Nonwork Travel Changes Respondents were requested to “consider travel to and from nonwork activities during the week” and were asked a series of questions about travel changes “because of fix I-5,” specifically, “How many times did you” 1. Travel using a different means of transportation than you normally would? 2. Change the location of an activity (location change)? 3. Choose to change your route but not your destination (route change)? 4. Change the day you did something (day change)? 5. Change the time of day you did an activity (time change)? 6. Use the Internet to do an activity instead of traveling to it (asked only in Wave 2)? 7. Not do an activity at all (activity forgone)? In addition to these specific changes, the study modeled whether respondents made any change at all (any change, at least one of the previously mentioned choices, except for Internet substitution), which allowed researchers to better understand what kinds of people are susceptible to travel behavior change in general, in the context of a planned extreme event such as highway reconstruction. The shares of people making each nonwork change at least once during the study week are shown in Figure 1, where the bottom row of numbers represents the denominator of the fraction.

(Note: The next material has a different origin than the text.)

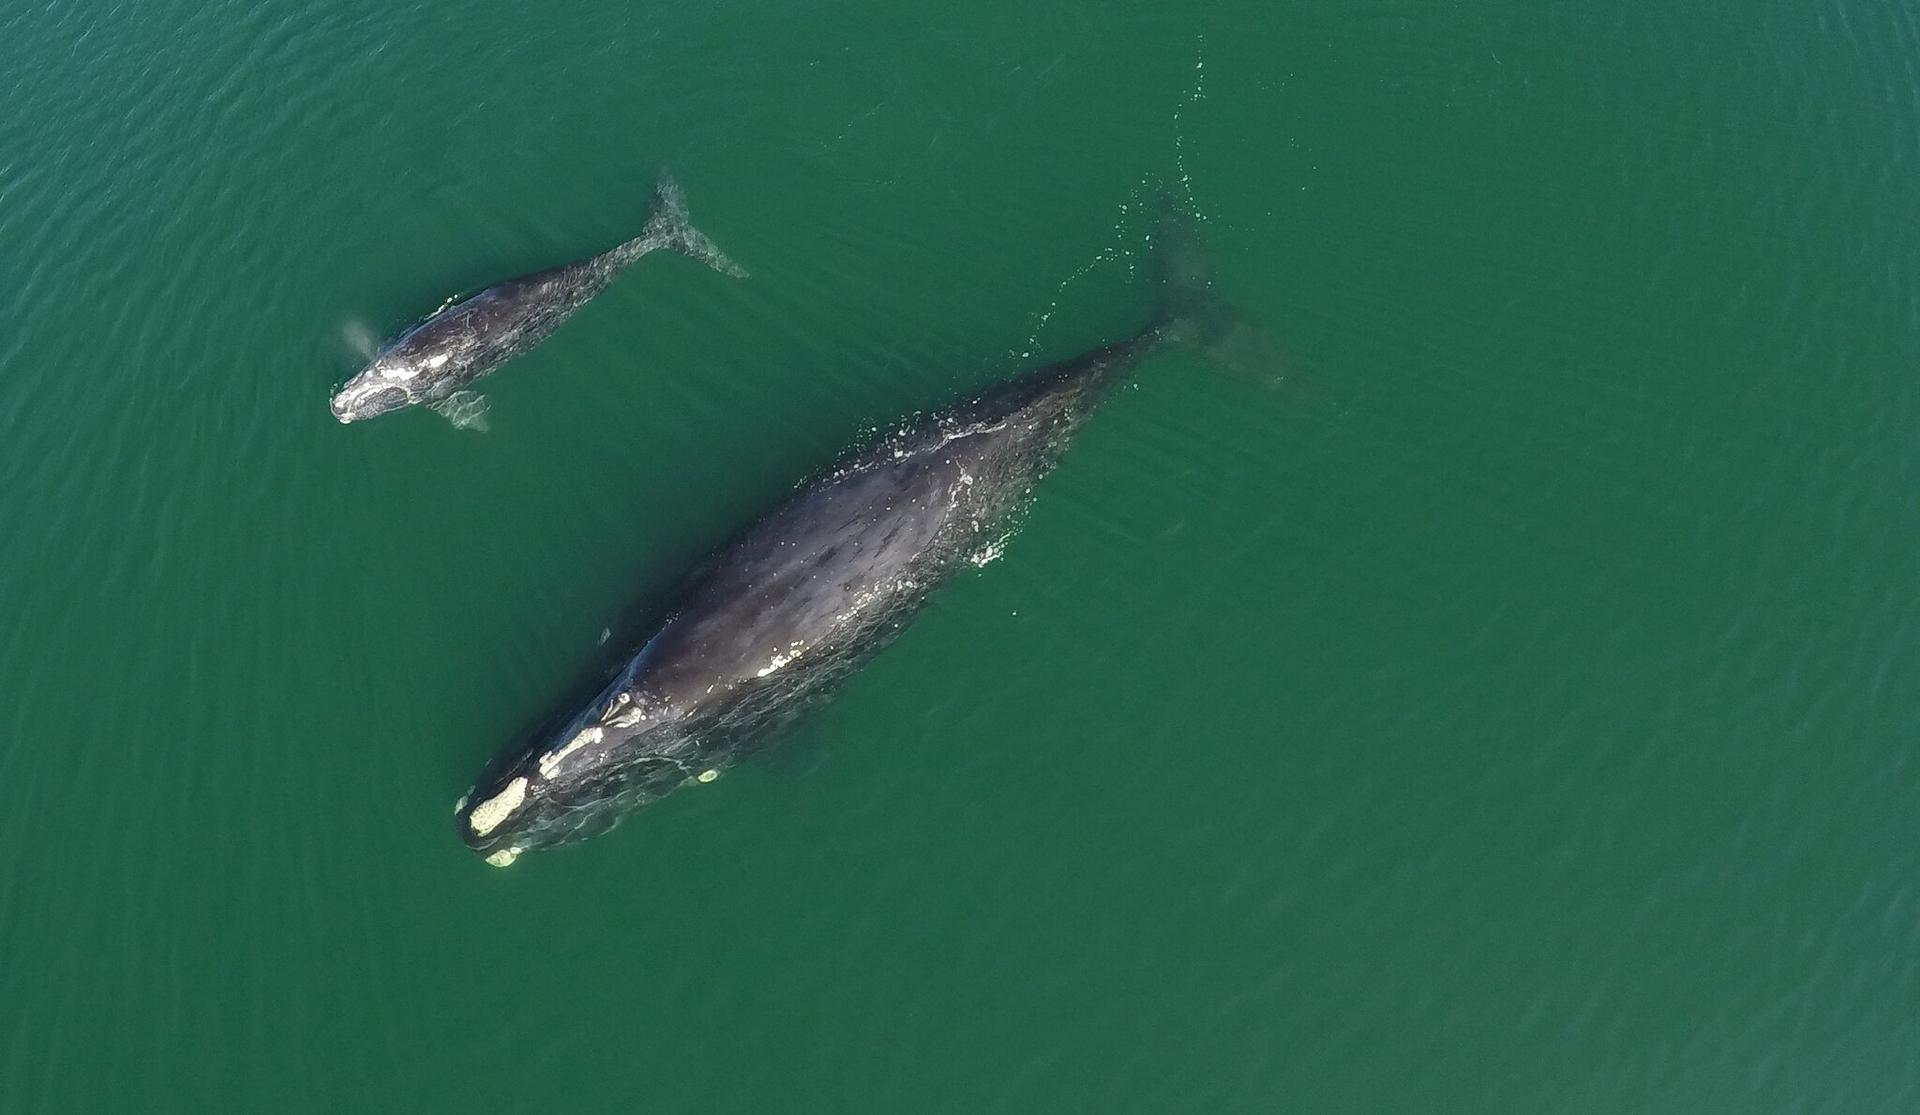 North Atlantic right whale with calf in blue-green waters

More than half (58.4%) the respondents made at least one nonwork travel change, which is very similar to the proportion (60.0%) making commute changes (10). Taking a different route was the most common individual change (44.0%), suggesting that it is the least disruptive adaptation behavior, whereas changing the activity time was next most common (21.8%). These results are roughly consistent with the previous findings for commute travel (with 48.0% avoiding peak hour and 45.1% changing route), except that the order of the two most common strategies is reversed, as is sometimes the case in other studies as well (10). The comparison suggests that avoiding peak hour by arriving at work early or departing late is less of a problem than changing the times of nonwork activities—somewhat contrary to the expectation of greater flexibility for nonwork activities. It may be that many nonwork activities are infrequent or irregular events involving other people and, therefore, are not subject to having their times changed, whereas for the white-collar jobs characterizing much of the sample, some flexibility in work schedules is generally possible, especially on a short-term basis. Alternatively, perhaps because nonwork activities are often more flexible, they were already scheduled at times (and in places) that would minimize the impact of peak-period commuting (and thence of the fix). It is likely that both explanations hold, to some extent. By contrast, activity cancellation is another measure of flexibility, and, in this respect, nonwork travel appears more flexible: 21.3% of the sample canceled at least one nonwork activity, which is higher than the percentage (14.1%) of respondents making fewer commuting trips [and only 3.1% actually canceled the work activity through taking vacation; the remainder simply worked at home, or a compressed schedule (10)]. In the current study, similar shares of respondents (approximately one-fifth in each case) canceled a nonwork activity altogether, changed its location, or changed the day on which it was conducted. Thus, although forgoing the activity might have been thought to be the most disruptive choice, at least the comparative frequencies of each choice do not support that expectation. Approximately 8% of individuals changed mode, similar to the share (7.8%) doing so for commute travel during the fix (10), whereas the least

FIGURE 1 Respondents’ reported nonwork travel changes during the fix (*asked only in Wave 2; **excluding Internet substitutions).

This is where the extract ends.